In conclusion, although many studies on SAPK inhibitors have been conducted, no drug has been developed for clinical use, of their non-specificity and side effects. Thus, further investigation is necessary in this field to develop selective inhibitors for the target tissue and each JNK or p38 family member. Notably, one problem with the therapeutic use of JNK inhibitors is that they do not target a specific JNK isoform and that each of them might have a specific function dependent on the tissue and even opposite effects in metabolism. JNK inhibitors have been used clinically without considering the context of tissue-dependent expression and role of the JNKs, or the pathological significance of each isoform, leading to the lack of efficacy and the side effects observed in clinical trials. In the case of p38 MAPKs inhibitors, they could specifically inhibit p38 activity in hepatic nonparenchymal cells including macrophages, leading to the amelioration of experimental steatohepatitis, providing a potential rationale for clinical trials to investigate p38 inhibitors for the treatment of NAFLD and NASH. However, selective inhibitors for p38α and p38β seem to produce p38γ and p38δ hyperactivation [219], due to the negative feedback that p38α has over the upstream activators of the pathway, MKK3/6, which might lead to harmful side effects. Therefore, more studies with animal models in which different isoforms of p38 are depleted in different tissues are required. Finally, a deeper investigation of the networking and scaffold interacting proteins every isoform in the different tissues is essential to further understand the organisation of SAPK pathway and to provide potential therapeutic strategies for the prevention and treatment of metabolic syndrome and associated disorders.
8. Perspectives
In this review, we highlighted the important role of SAPKs in steatosis and its progression to HCC. However, the specific role of each isoform in steatosis development remains unclear, mainly because of the interactions and compensatory effects between family members. Moreover, the cell-specific effects are unknown for many isoforms. This absence of information is particularly the case with the p38 family, because until recently, most research has focused on p38α, with little attention paid to the important effect of this kinase on the activation of the other family members. Thus, some described p38α functions might be due to the activation of other p38 kinases. In addition, most research in this area has been performed with pharmacological inhibitors or whole-body deletion models. Likewise, although many SAPK substrates are known, uncertainty remains about the substrates involved in liver steatosis. Clarification of the complex mechanisms by which SAPKs control liver metabolism and the development of liver steatosis requires models of each SAPK isoform in specific cell types. For instance, the development of mice with JNK2-deficiency in CD4+ T cells would provide an alternative model for studying the role of SAPKs in liver steatosis and NAFLD.

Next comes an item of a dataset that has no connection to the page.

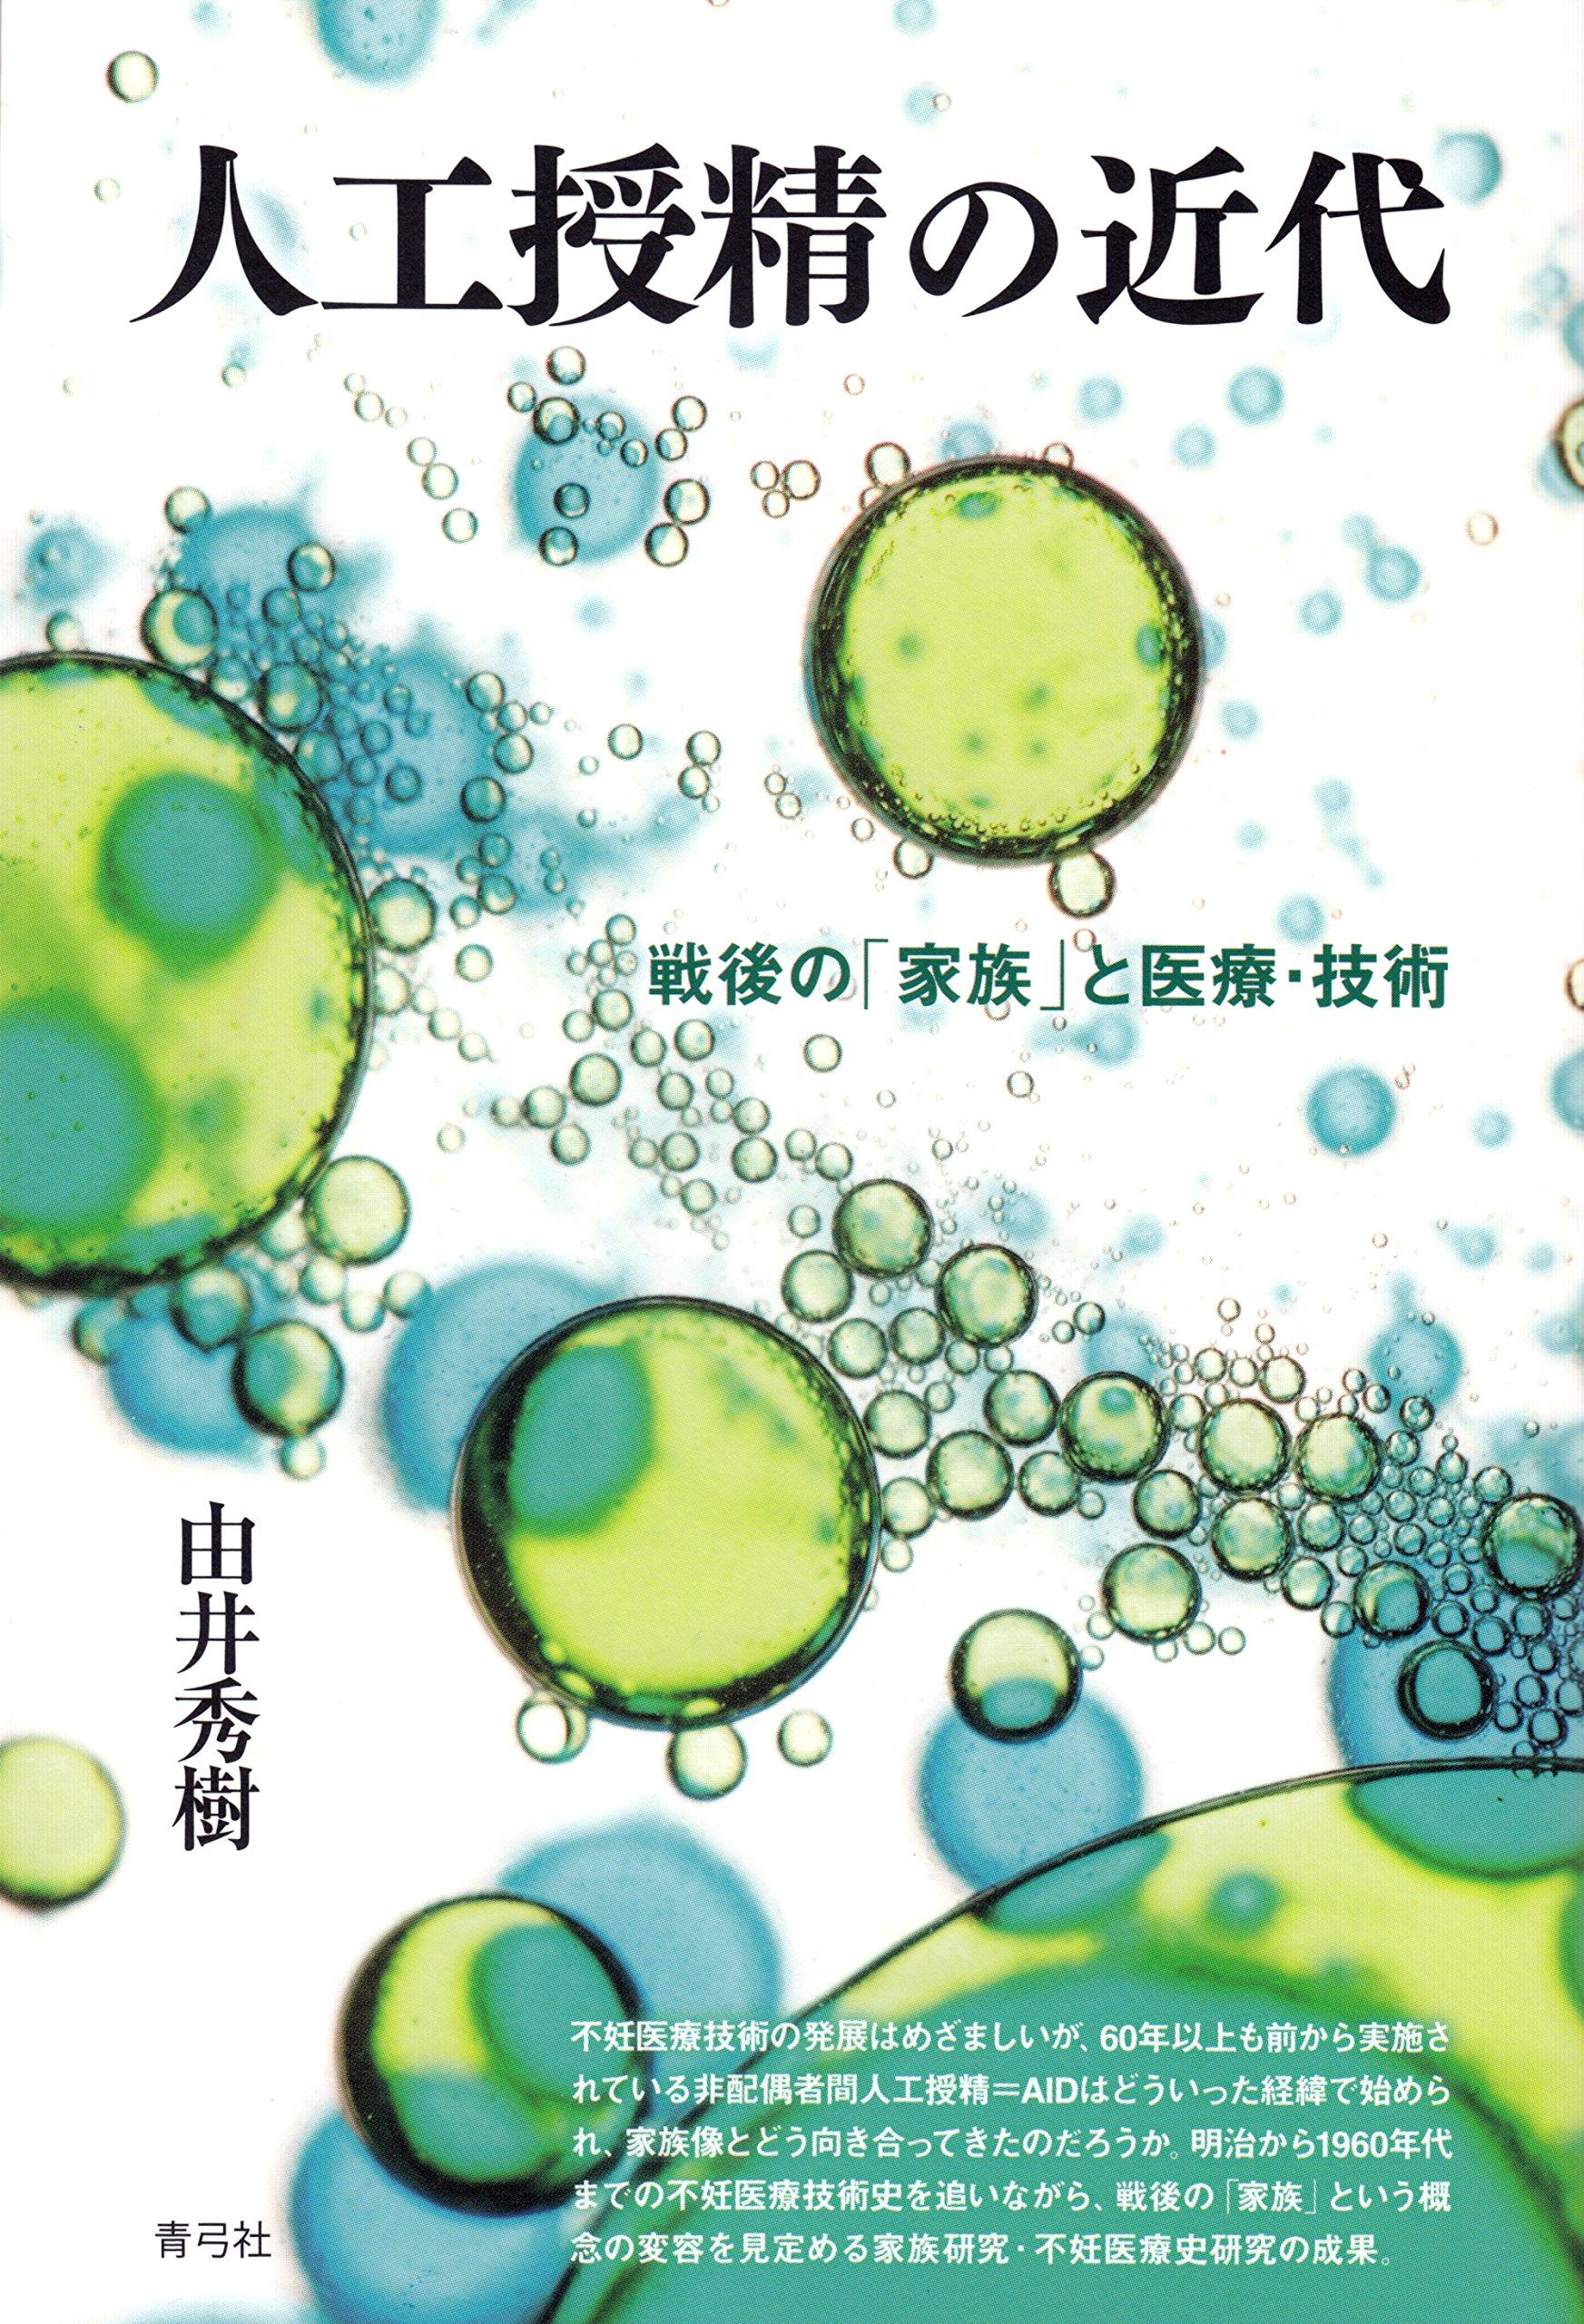 由井秀樹『人工授精の近代: 戦後の「家族」と医療・技術』

This review focused on the liver and the immune system; however, liver metabolism is also regulated by the activation of SAPK in adipose tissue and skeletal muscle [26] and the effects of these kinases in the central nervous system (CNS) [23]. Moreover, the tissue-specific effects of SAPKs demonstrate their tight regulation and the differences in substrate selectivity. Deciphering the interactions between SAPK isoforms, their regulation, and their cell type-specific substrates holds promise for defining their contribution to hepatic steatosis and HCC and, in the long term, developing effective treatments. The implication of SAPKs in the regulation of liver metabolism and the development of obesity has been demonstrated, and the potential of these kinases as targets for the treatment of liver metabolic conditions has been evaluated. However, the molecular mechanisms that control the in vivo effects underlying these strategies are not fully understood, and further research is necessary before clinical applications can be envisioned.
Author contribution
All authors were responsible for drafting the article and revising it critically for important intellectual content. All authors approved the publication of the final version of the manuscript.
Acknowledgements
We thank S. Bartlett for English editing. GS receives funding from the European Union Seventh Framework Programme (FP7/2007-2013) ERC 260464, the EFSD/Lilly European Diabetes Research Programme, a Leonardo Grant for Researchers and Cultural Creators from the BBVA Foundation (Investigadores-BBVA-2017) IN[17]_BBM_BAS_0066, the Ministerio de Economia y Competitividad (MINECO-FEDER SAF2016-79126-R and PID2019-104399RB-I00), the Fundación AECC (PROYE19047SABI), and the Comunidad de Madrid (IMMUNOTHERCAN-CM S2010/BMD-2326 and B2017/BMD-3733). The CNIC is supported by the Ministerio de Ciencia, Innovación y Universidades (MCNU)Ministerio de Ciencia, Innovación y Universidades, and the Pro CNIC Foundation and is a Severo Ochoa Center of Excellence (SEV-2015-0505). We thank our collaborators and all the students and fellows who have contributed to studies in the Sabio group over the years. We regret the inadvertent omission of important references due to space limitations.
Contributor Information
Alfonso Mora, Email: amora@cnic.es.
Guadalupe Sabio, Email: gsabio@cnic.es.
Conflict of interest
None declared.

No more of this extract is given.